Rose Review: Sandra Hüller Shines in Gritty Gender Stereotype Drama
Rose Review: Sandra Hüller in Gritty Gender Drama

Rose Review: Sandra Hüller Delivers a Masterful Performance in a Grimy Gender Examination

Austrian director Markus Schleinzer's captivating new film, Rose, presents a stark and eerie monochrome period drama set in rural southern Germany following the Thirty Years' War. This gripping movie, while grim in its themes, is beautifully shot and as engrossing as a lurid soap opera, delving deep into gender stereotypes and satirising the central mythic tenets of patriarchal Christianity.

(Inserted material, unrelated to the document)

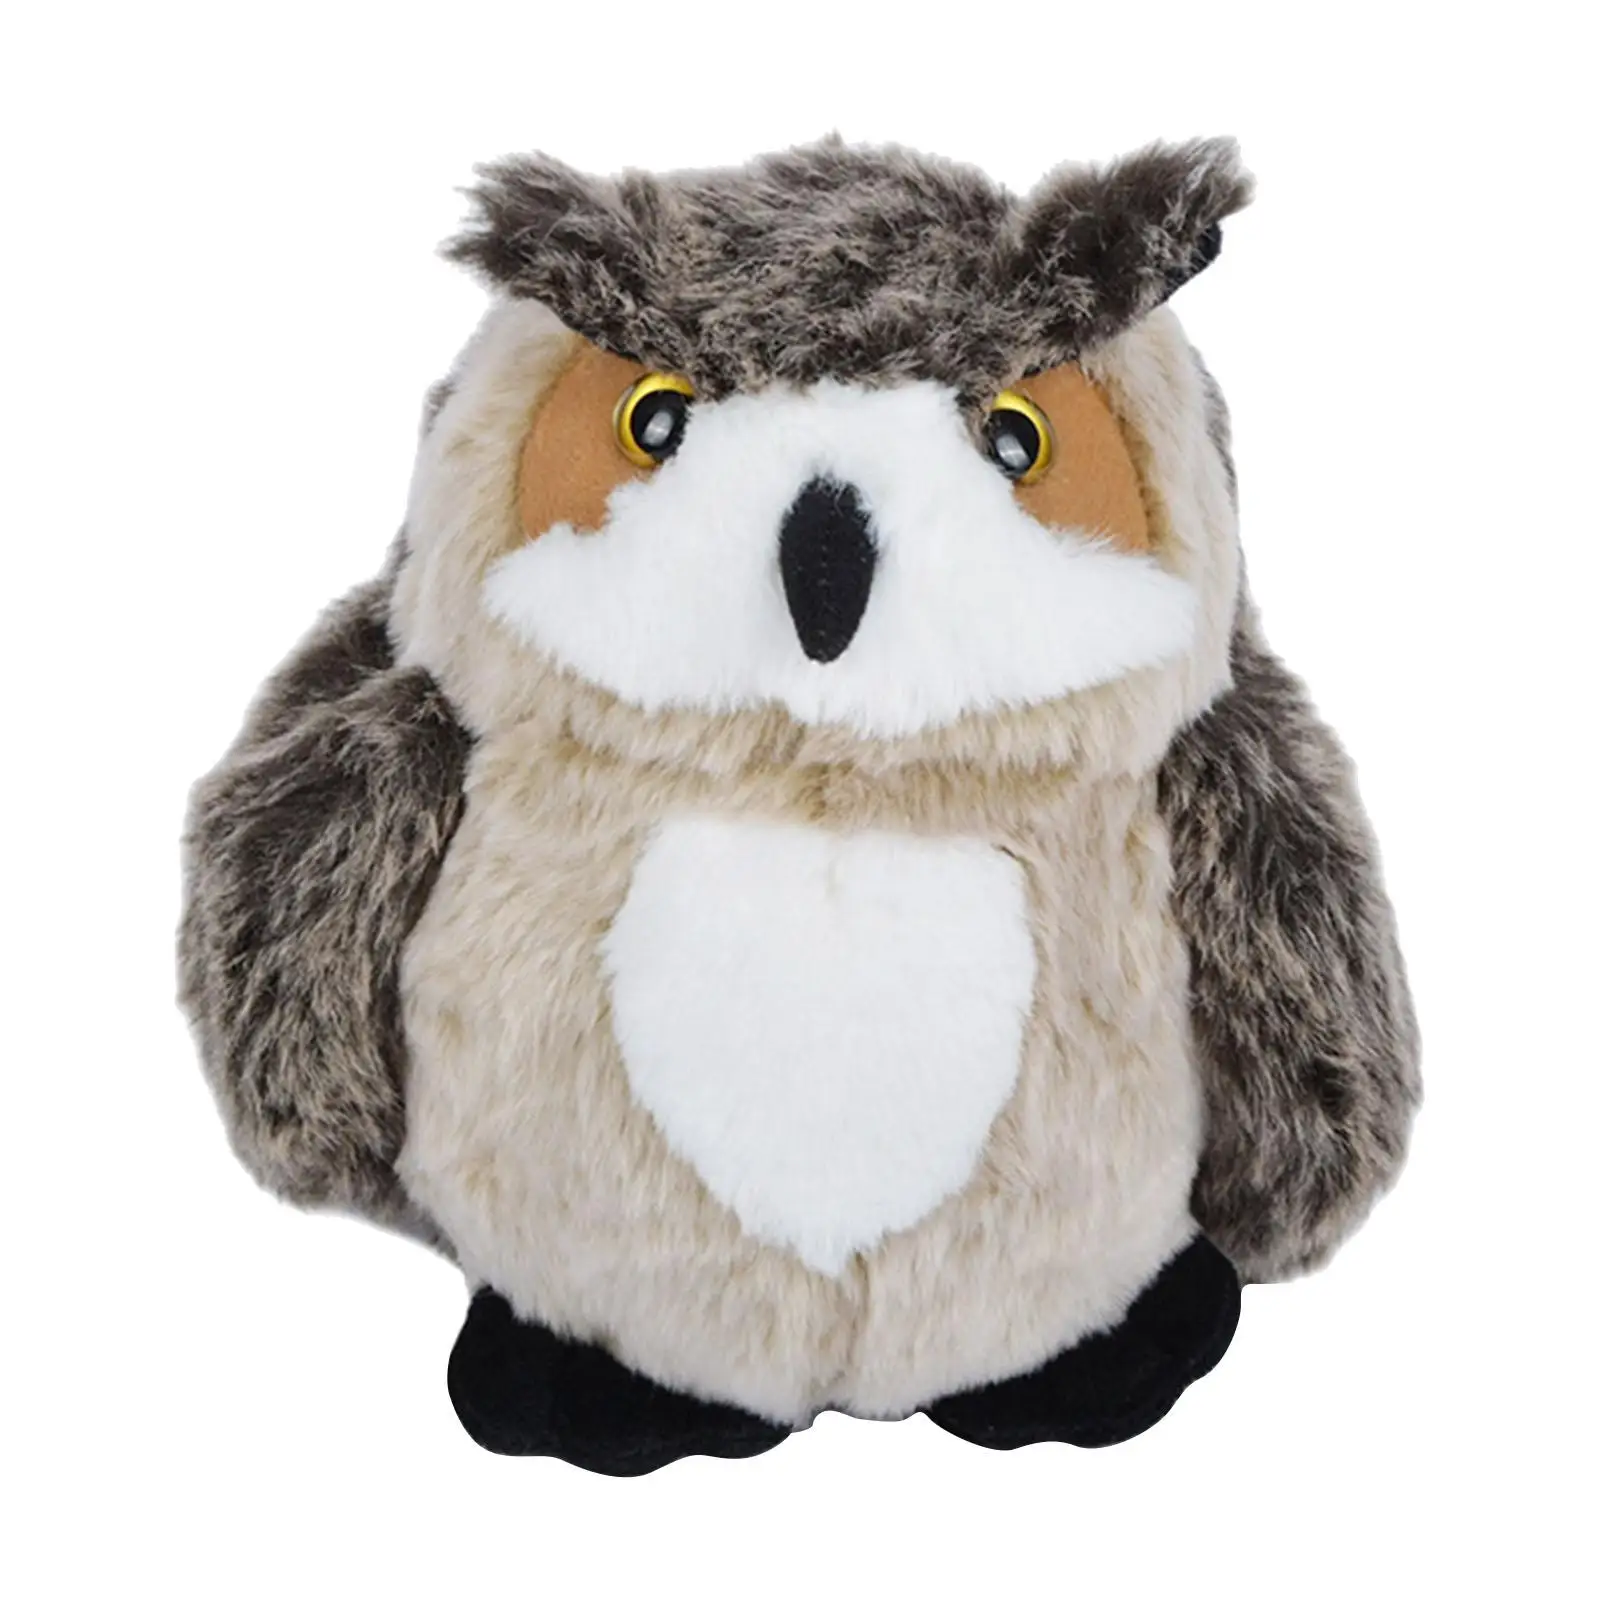 

Owl Plush Toys Cute Animal Dolls Animal Plush Padding Soft Classic Lifelike Imitation Owl for Birthday Gifts Girls Kids Children

A Story of Deception and Survival

The film effectively conflates real-life cases of women passing as men in early modern Europe with the well-known history of the French false claimant Martin Guerre. Sandra Hüller gives a superb performance as Rose, a young woman who has posed as a man her entire life, serving as a soldier in this guise. She wears dour, shapeless clothes and moves with the brisk, economical physicality of an old soldier, her face marked by a livid scar that gives her a worldly, unfeminine grimace.

Rose claims the scar resulted from a bullet, which she now wears around her neck on a cord as a kind of unlucky charm and reminder of her survival. After the war, she arrives in what she says is her home village to take ownership of a derelict farmstead. By recounting local anecdotes only the genuine claimant could know, she convinces the elders and quickly makes a success of the farm through disciplined hard work, even winning hearts by killing a marauding bear with her military musket.

Unexpected Twists and Legal Intrigue

A prosperous neighbour agrees to sell Rose land on condition she marries his daughter Suzanna, played by Caro Braun, a plain and biddable figure of bovine piety. However, the contract stipulates that if Suzanna does not get pregnant, it becomes void, sparking village gossip. Astonishingly, Suzanna soon announces she is pregnant, leaving Rose and others questioning the father's identity.

This mystery is posed twice in the film: first by Rose to Suzanna, who remains silent, and later by a judge at Rose's trial. Rose answers with defiant calm, reminiscent of Renée Jeanne Falconetti in Dreyer's The Passion of Joan of Arc, but does not reply to the paternity question. The judge also avoids pressing the point, perhaps to avoid complicating the prosecution or creating a martyr-like mystique around Rose, who is gaining celebrity status among the public.

Influences and Performances

The chief influence on Rose is clearly Michael Haneke's icy black-and-white film The White Ribbon from 2009, on which Schleinzer worked as casting director. Schleinzer shares Haneke's interest in leaving audiences with an intractable, insoluble mystery—a problem that refuses to tie up neatly. Hüller's quiet, sinewy performance provides the film's form and musculature, portraying a character who has endured countless crises on the battlefield and learned the watchfulness needed to survive.

Braun is also very good as the unexpectedly spirited Suzanna. The film explores the power and violence lurking beneath bürgerlich calm, a stratum that becomes obvious when challenged. With another outstanding star performance from Hüller, Rose screened at the Berlin film festival, cementing its place as a thought-provoking period drama.